[Opening Dataset excerpt section]

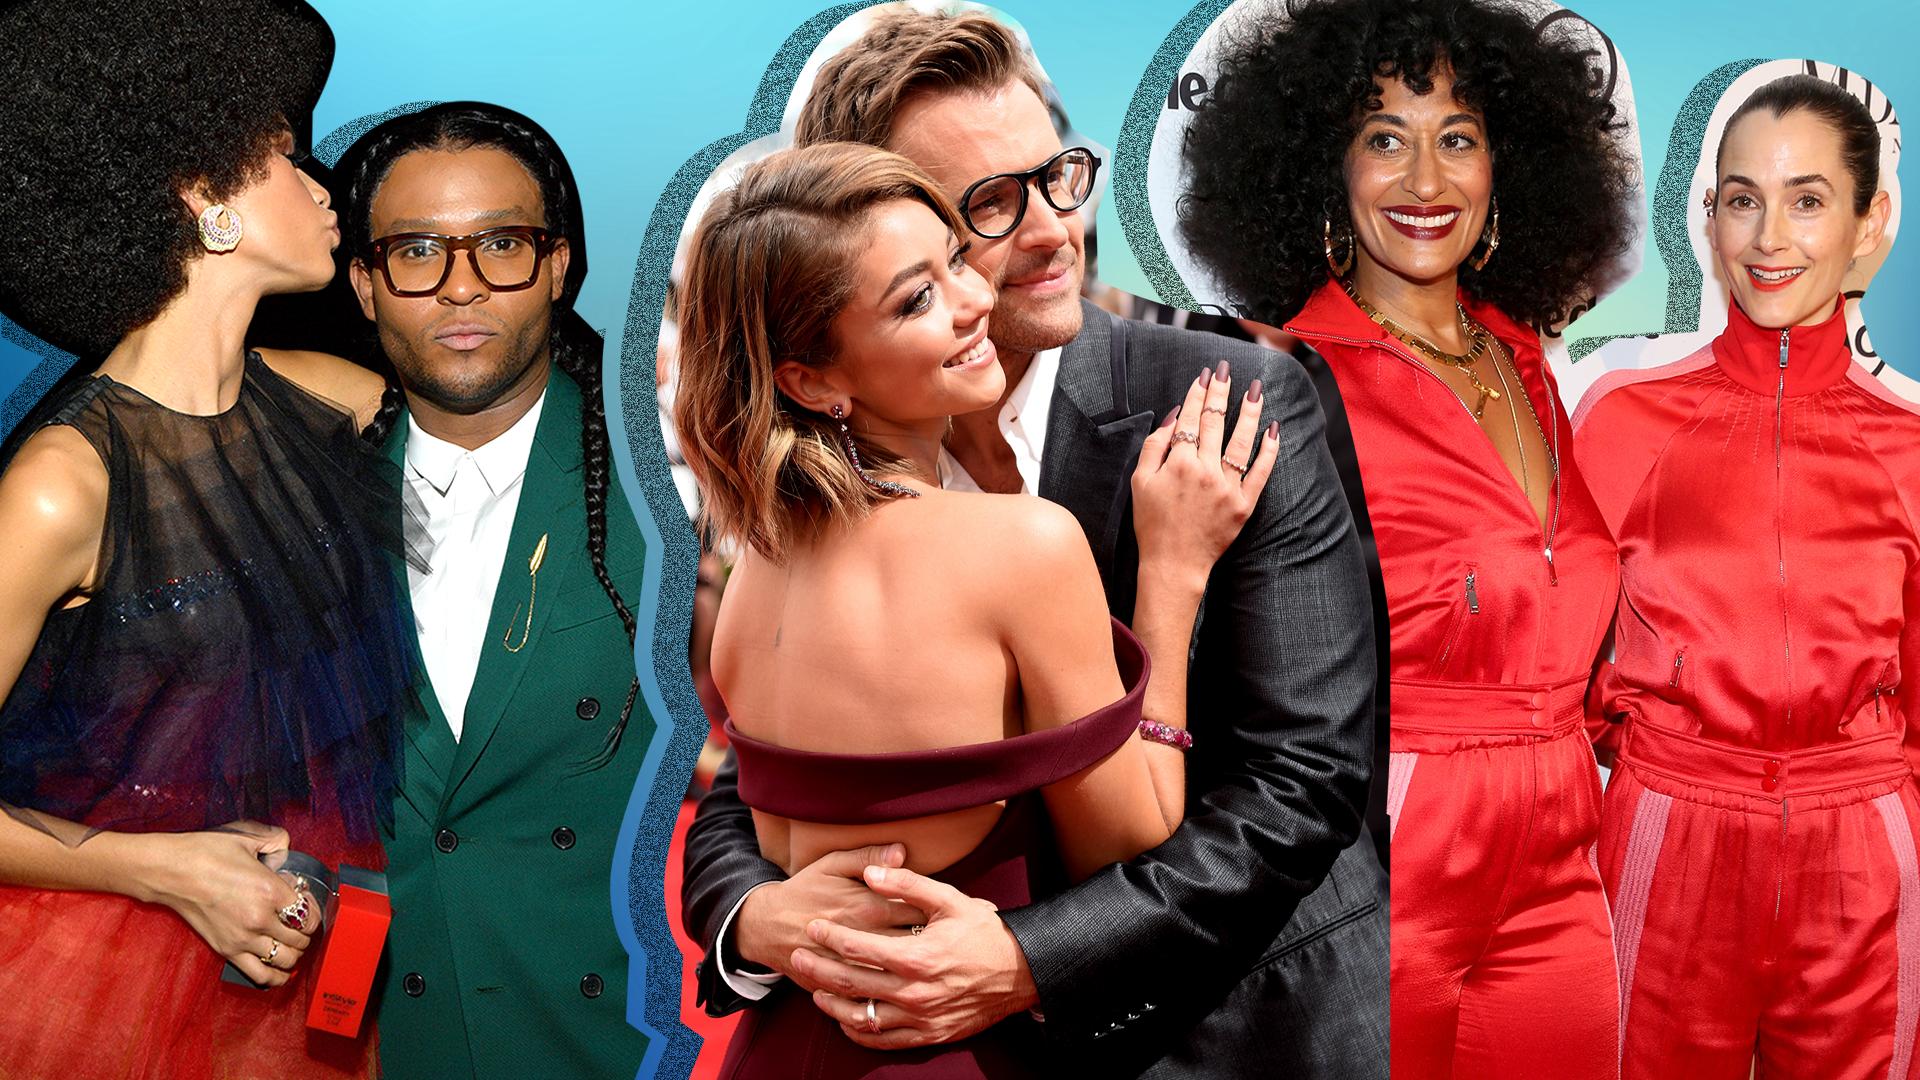 STYLECASTER | Best Celebrity Stylists to Follow on Instagram
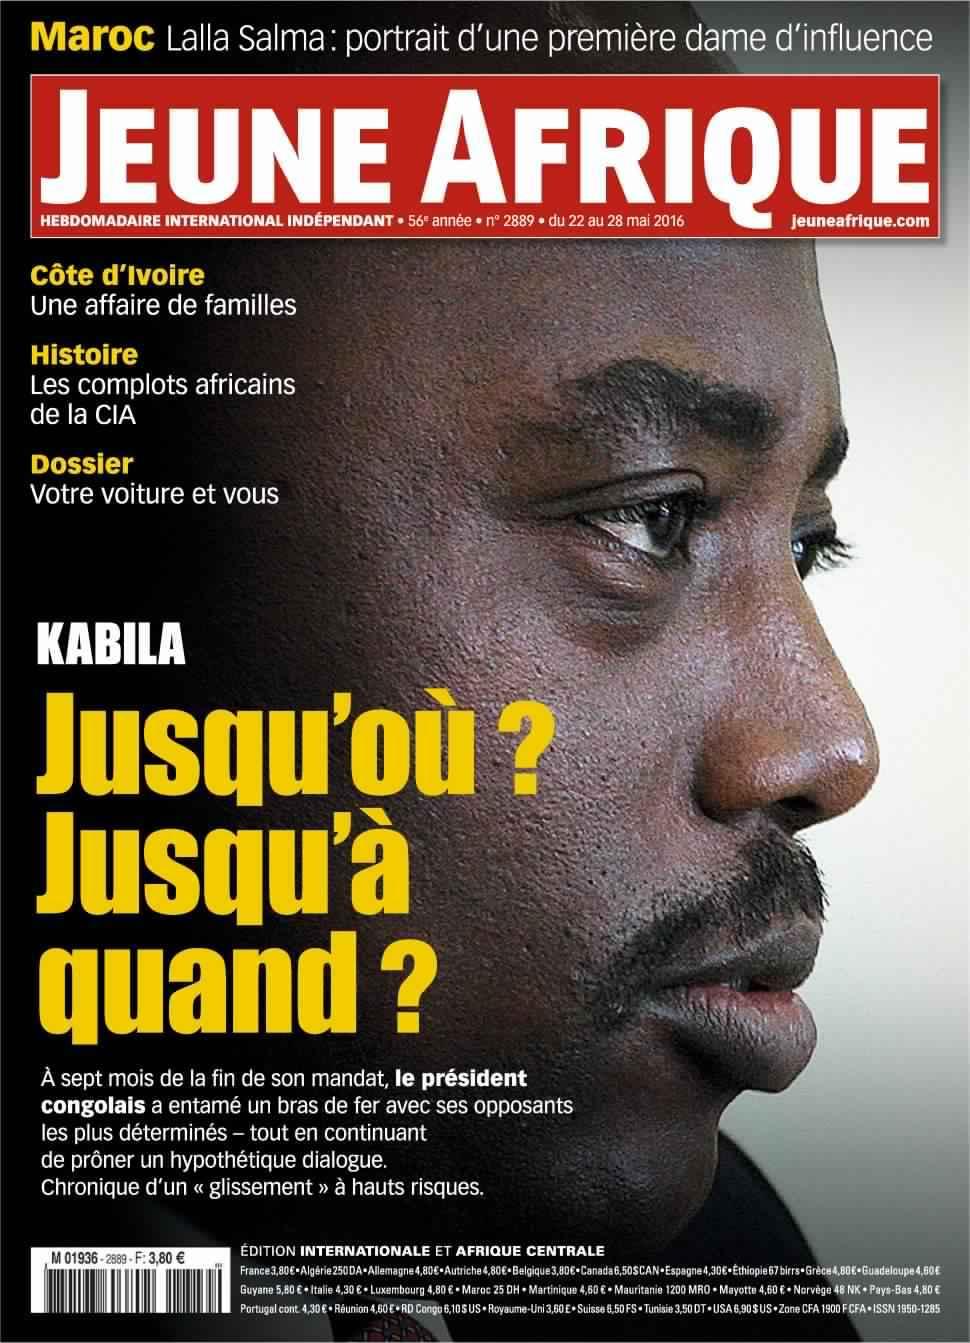 Jeune Afrique 2888 - 22 Mai 2016
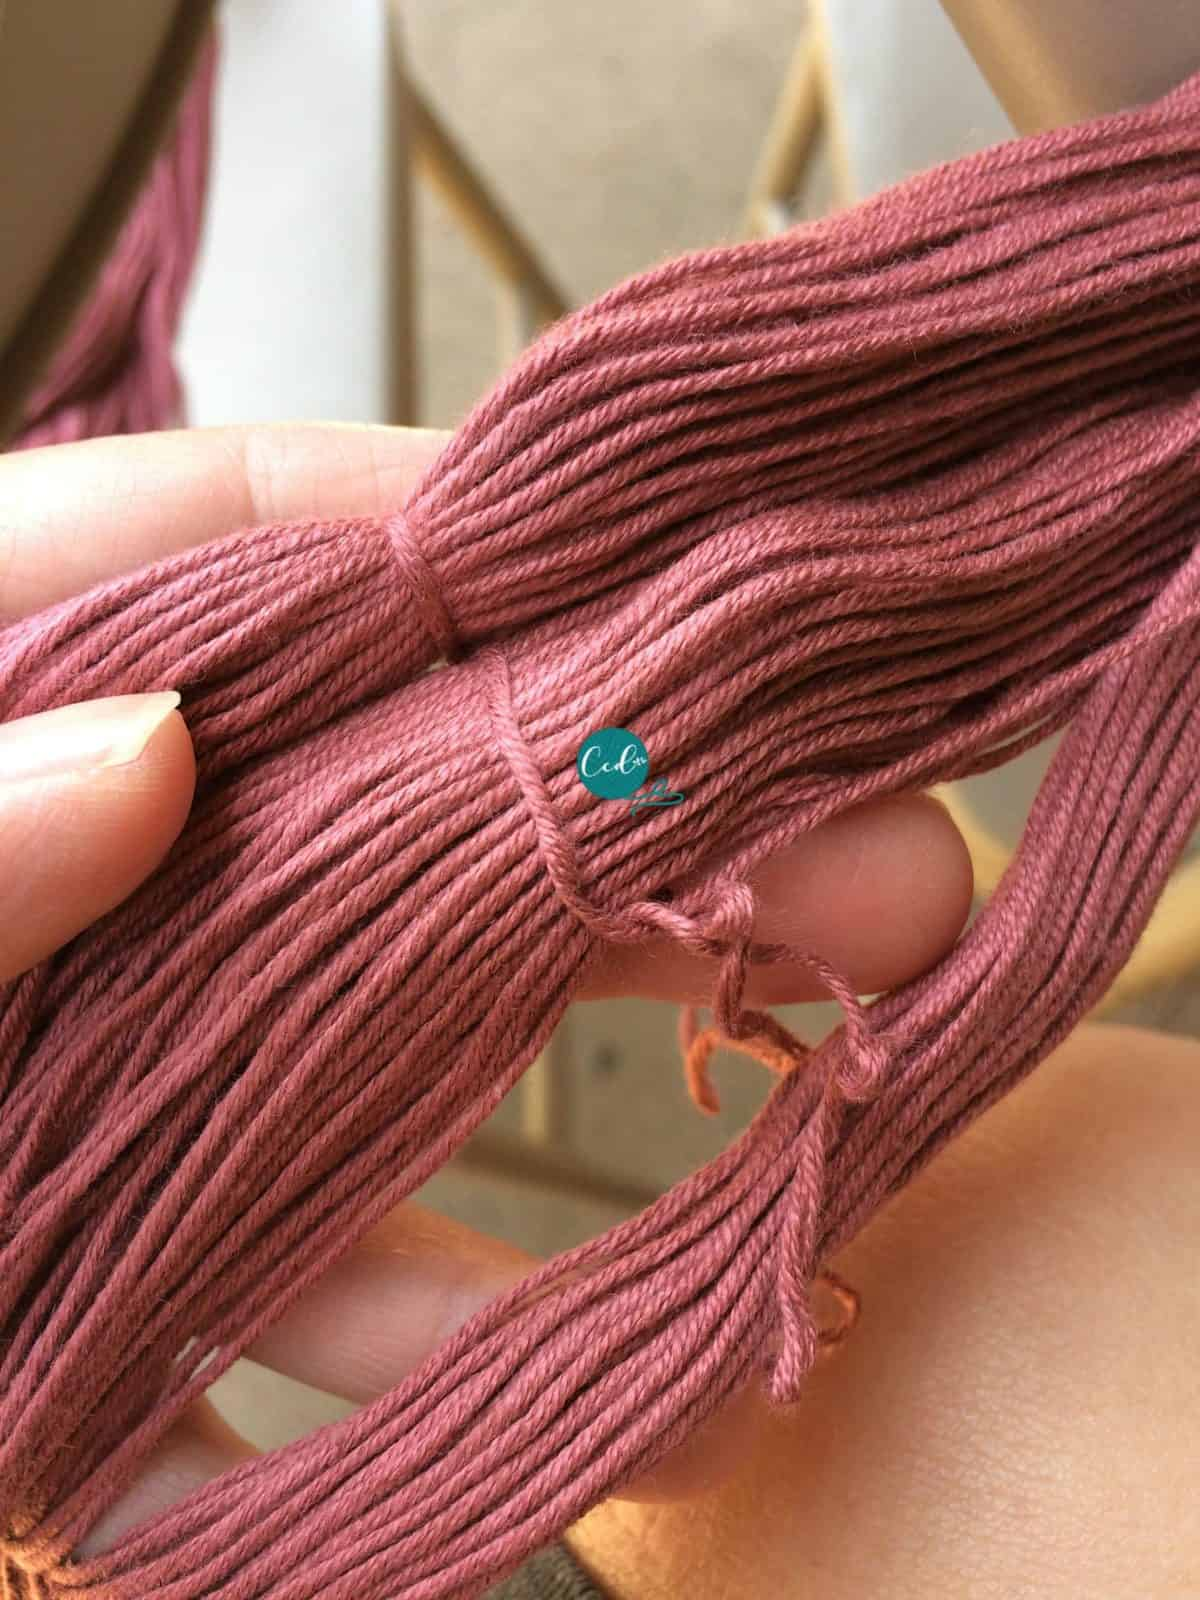 Untie the knots.
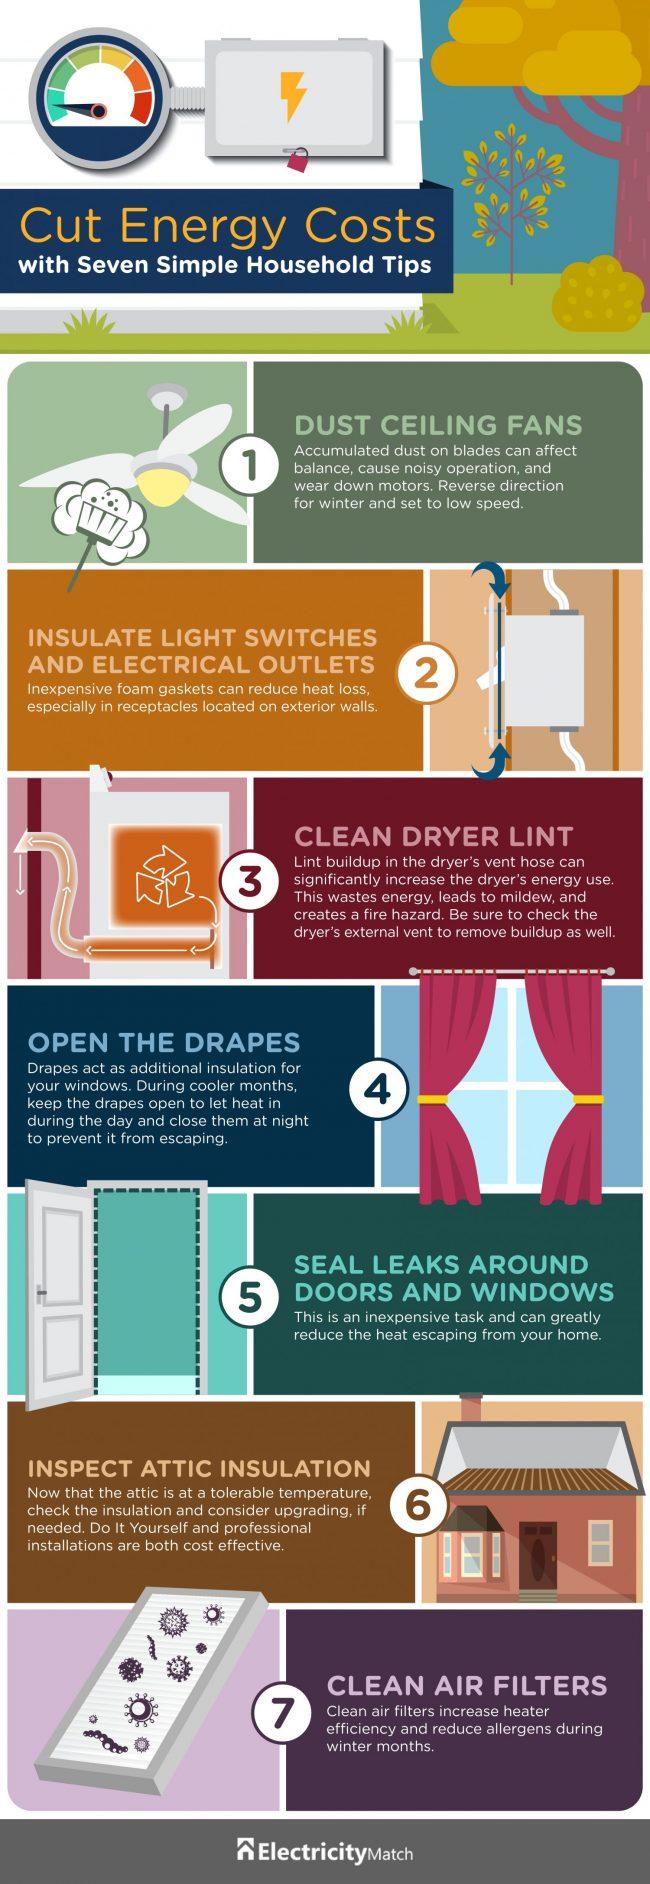 Fall Energy Savings Tips

[Closing Dataset excerpt section]

_Task statement_
Omit the pictures and output all remaining material exactly.

_Response_
 STYLECASTER | Best Celebrity Stylists to Follow on Instagram
 Jeune Afrique 2888 - 22 Mai 2016
 Untie the knots.
 Fall Energy Savings Tips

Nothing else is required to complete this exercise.